-- Opening Marker --

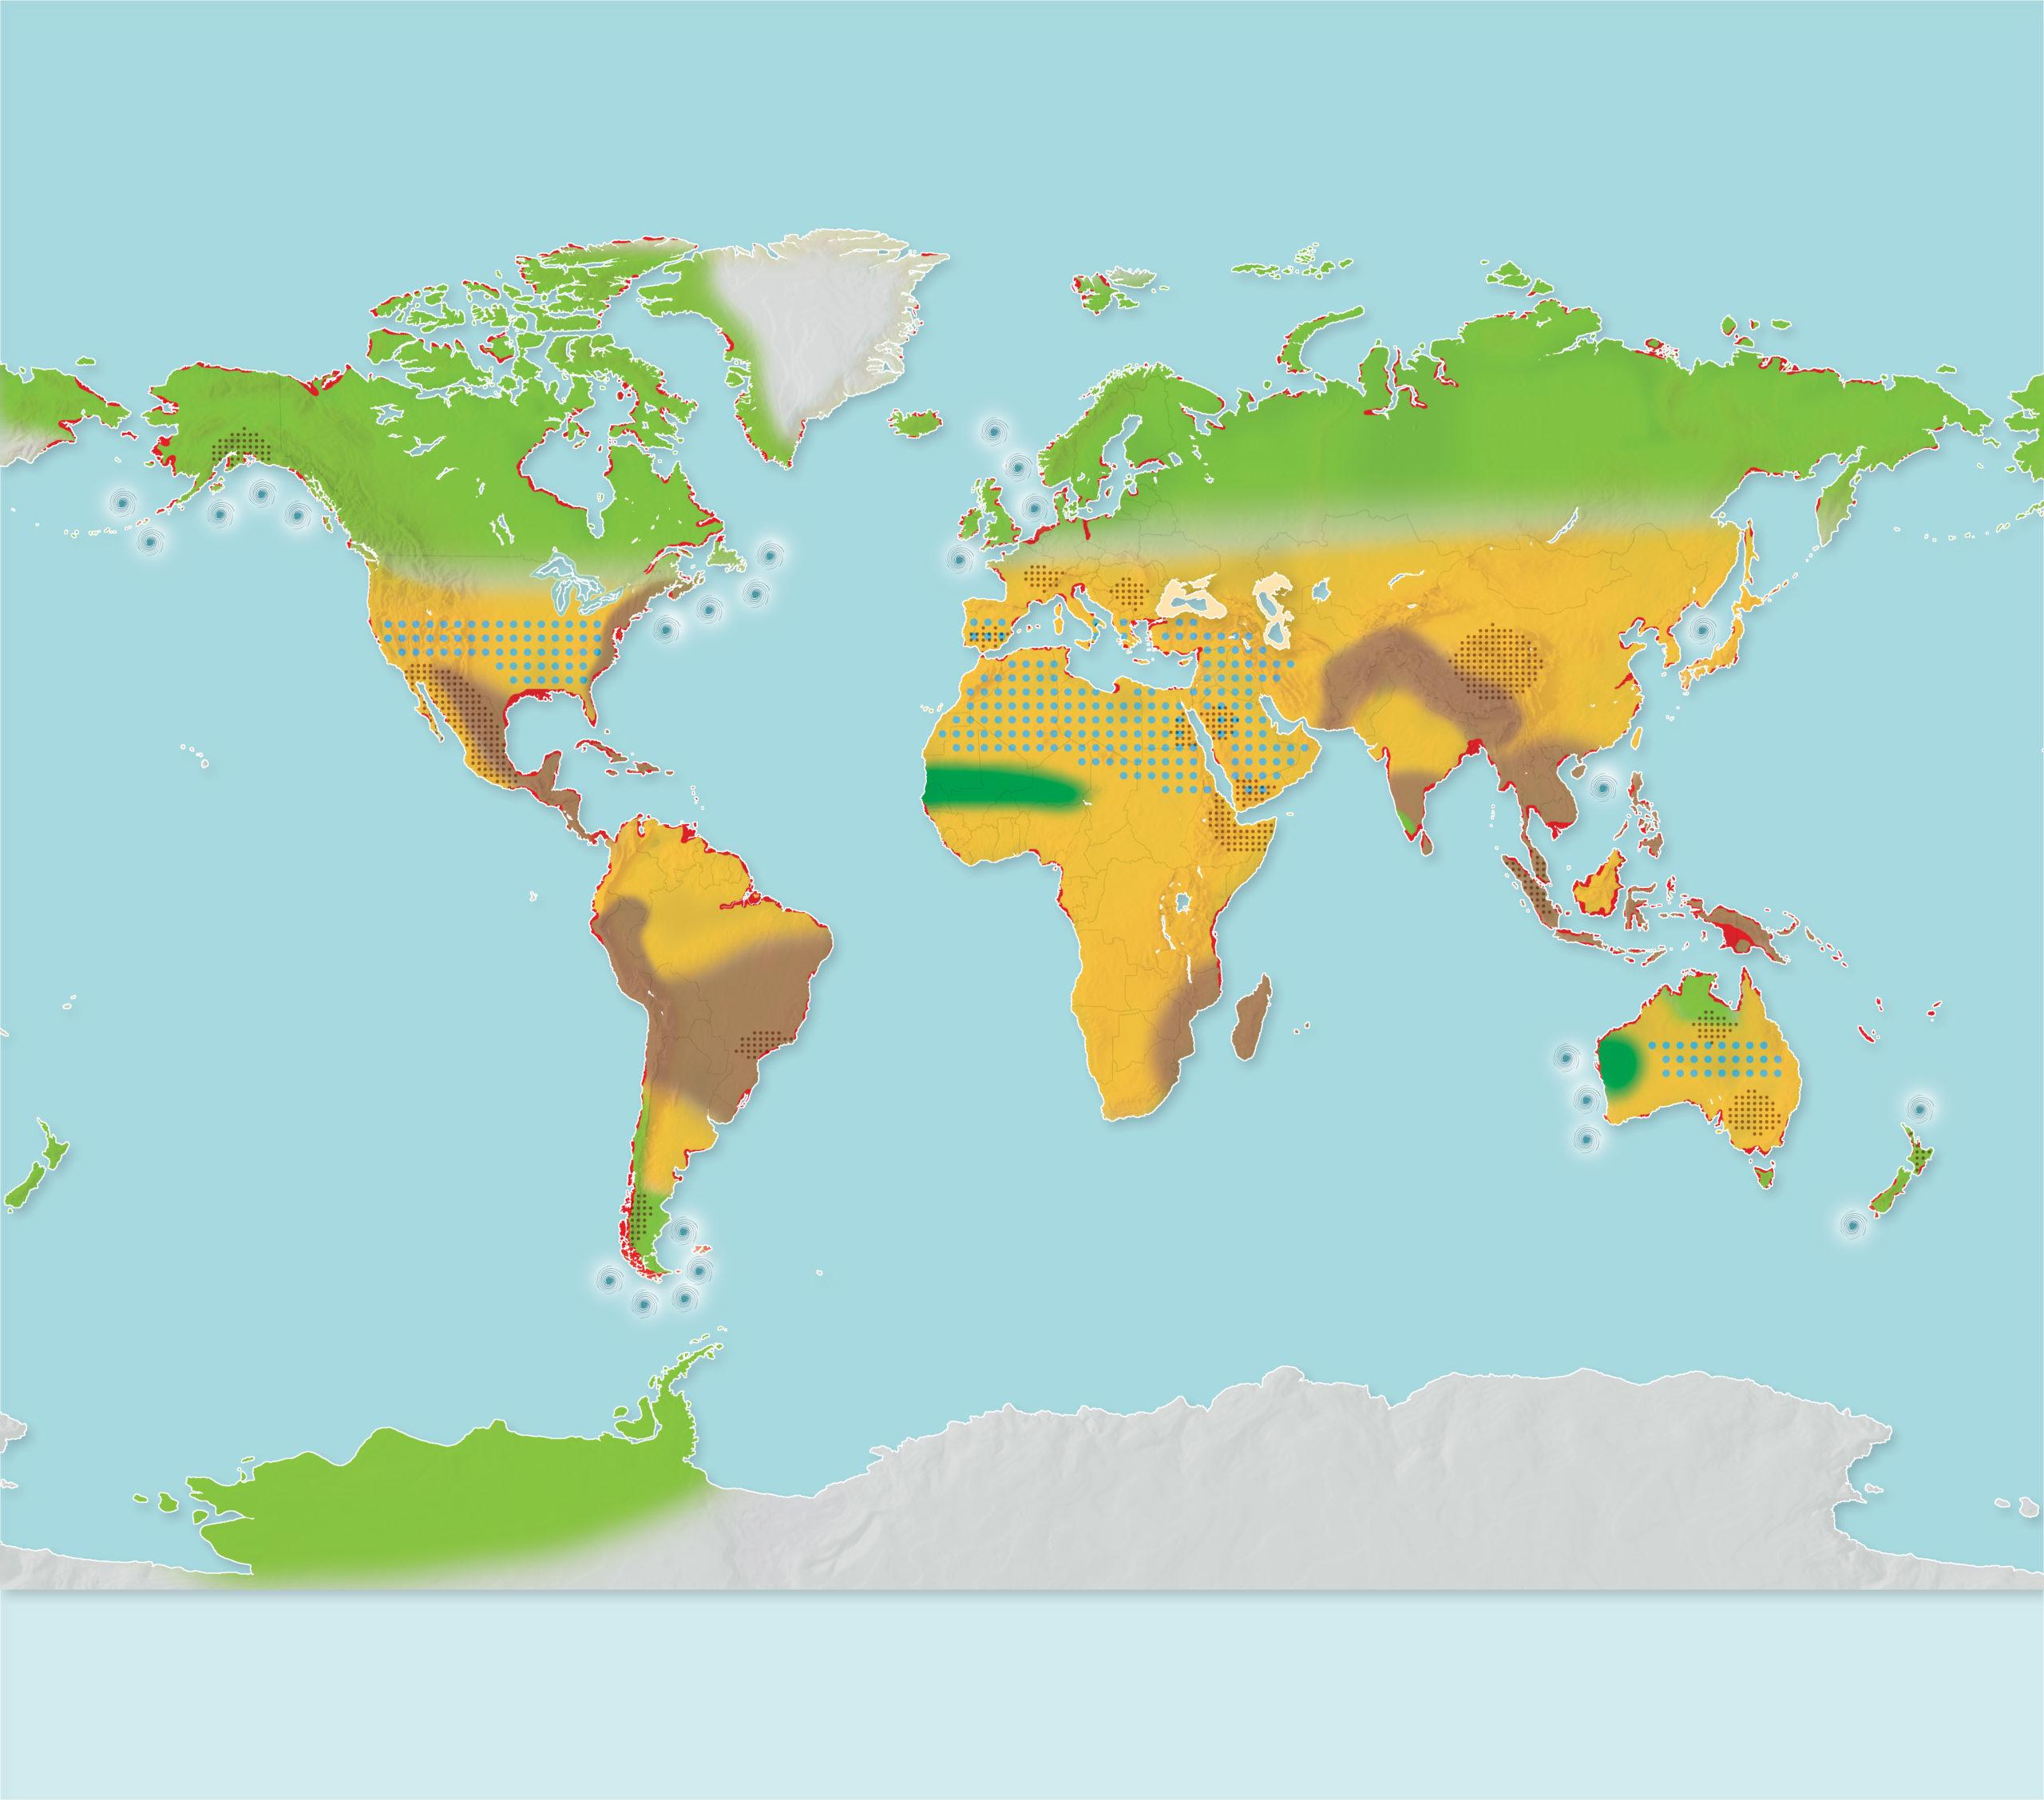 A 4 Degree Warmer World
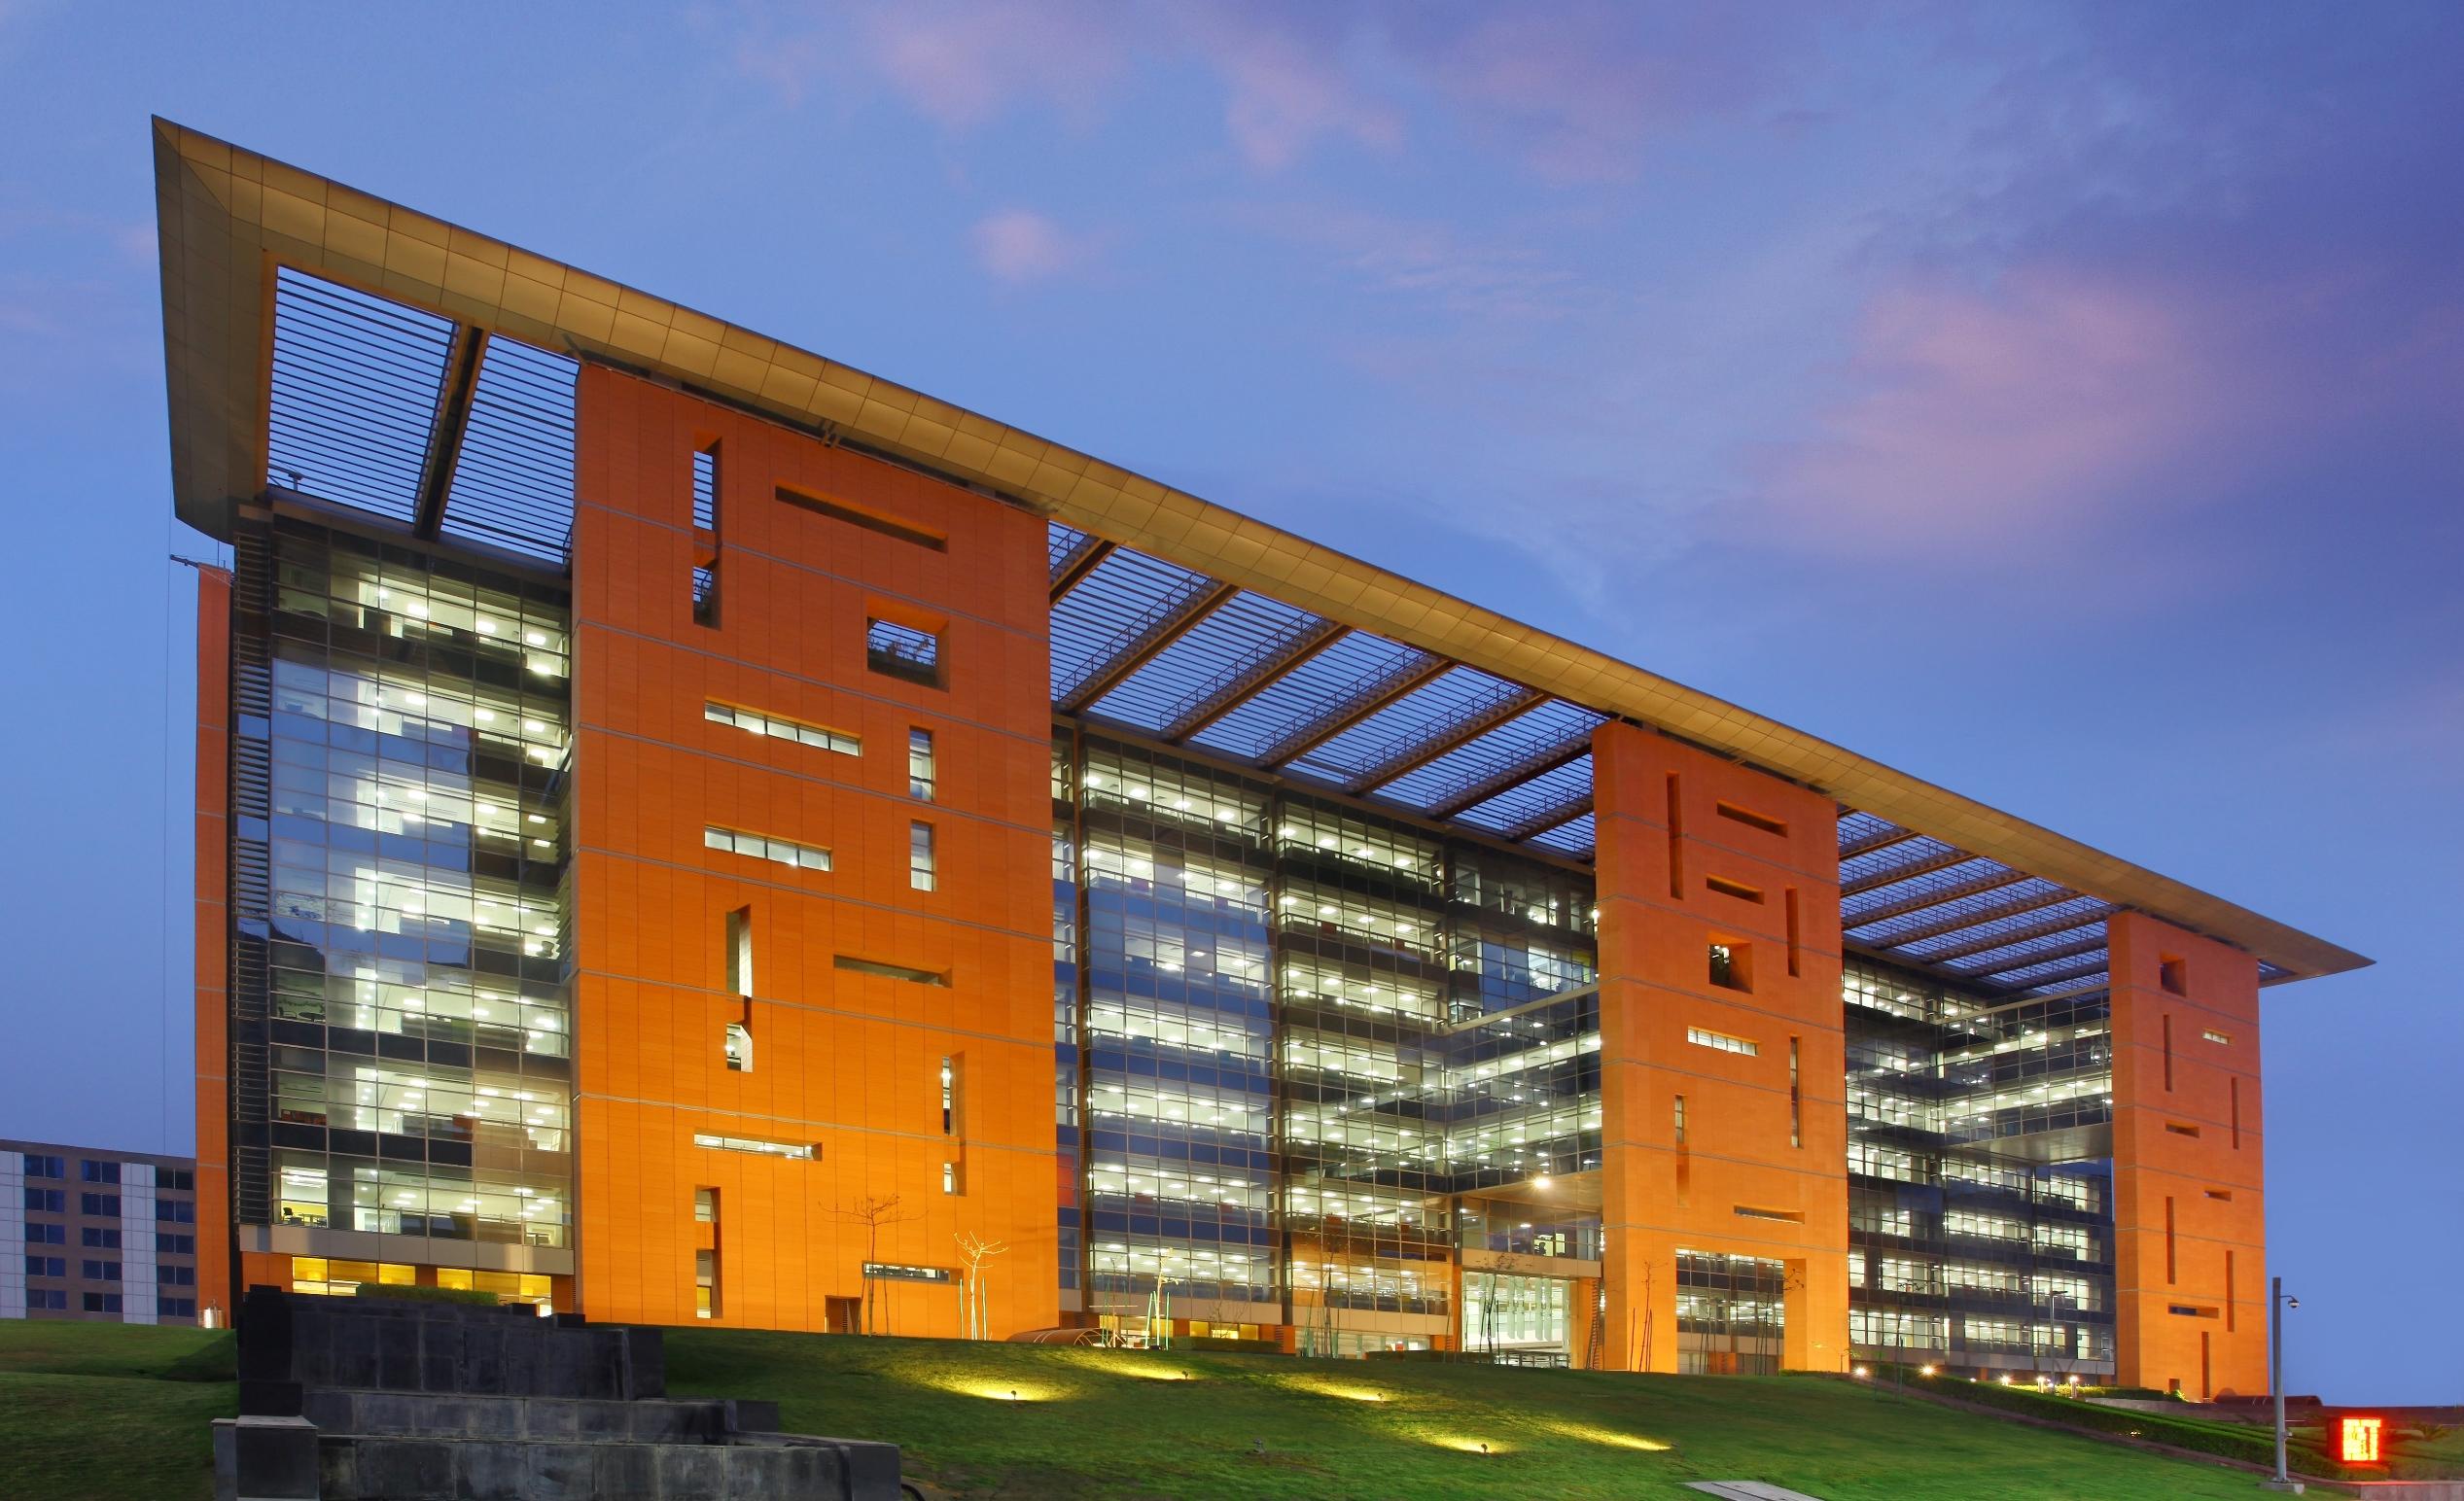 Adobe Campus
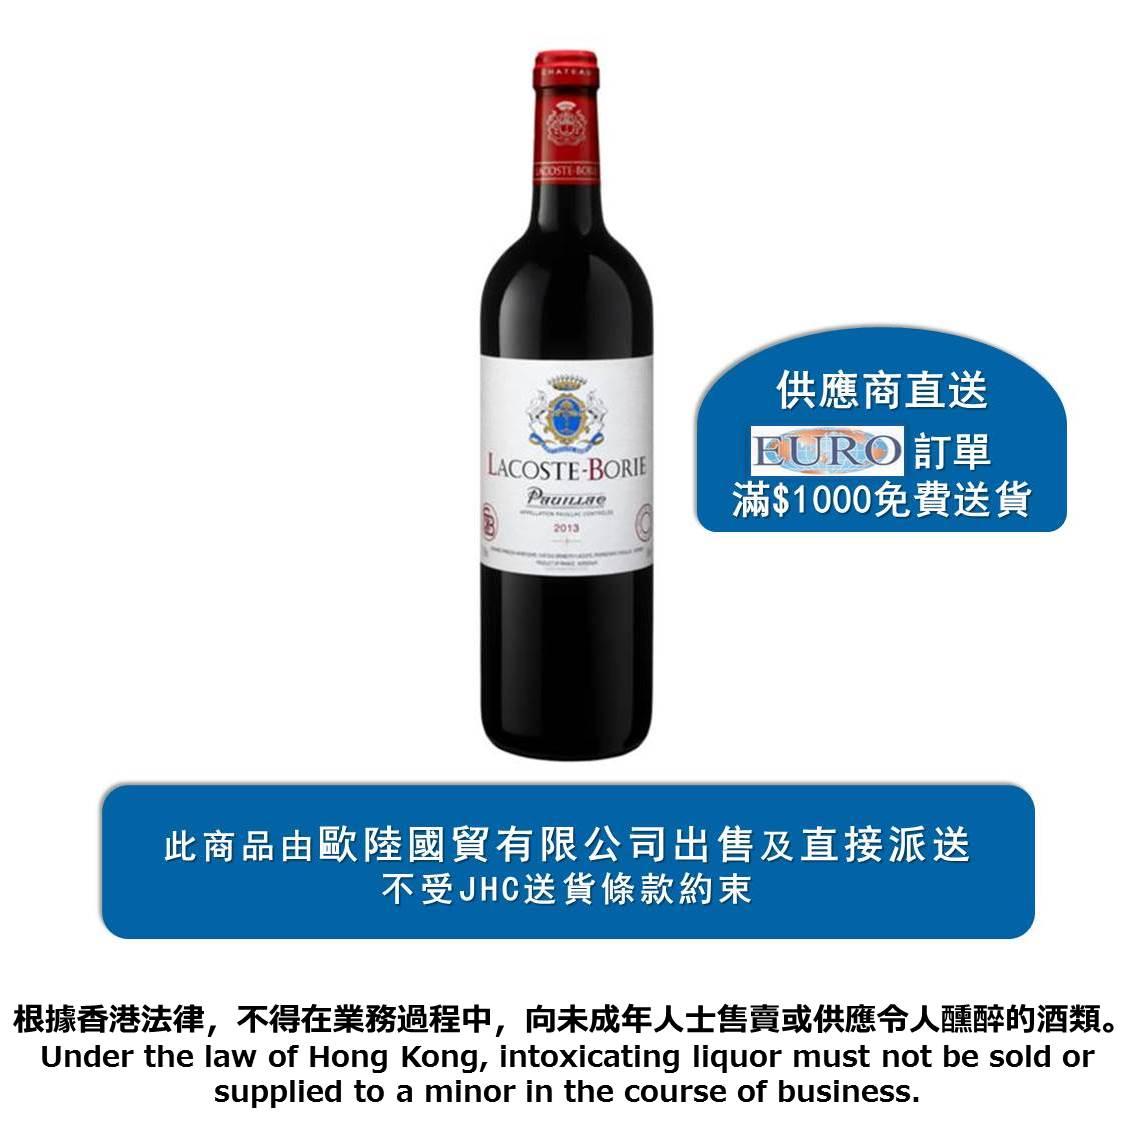 LACOSTE BORIE葡萄酒 2013

-- Closing Marker --

_WORK REQUIRED_
Repeat the material exactly as it reads, without any of its pictures.

_ANSWER BELOW_
 A 4 Degree Warmer World
 Adobe Campus
 LACOSTE BORIE葡萄酒 2013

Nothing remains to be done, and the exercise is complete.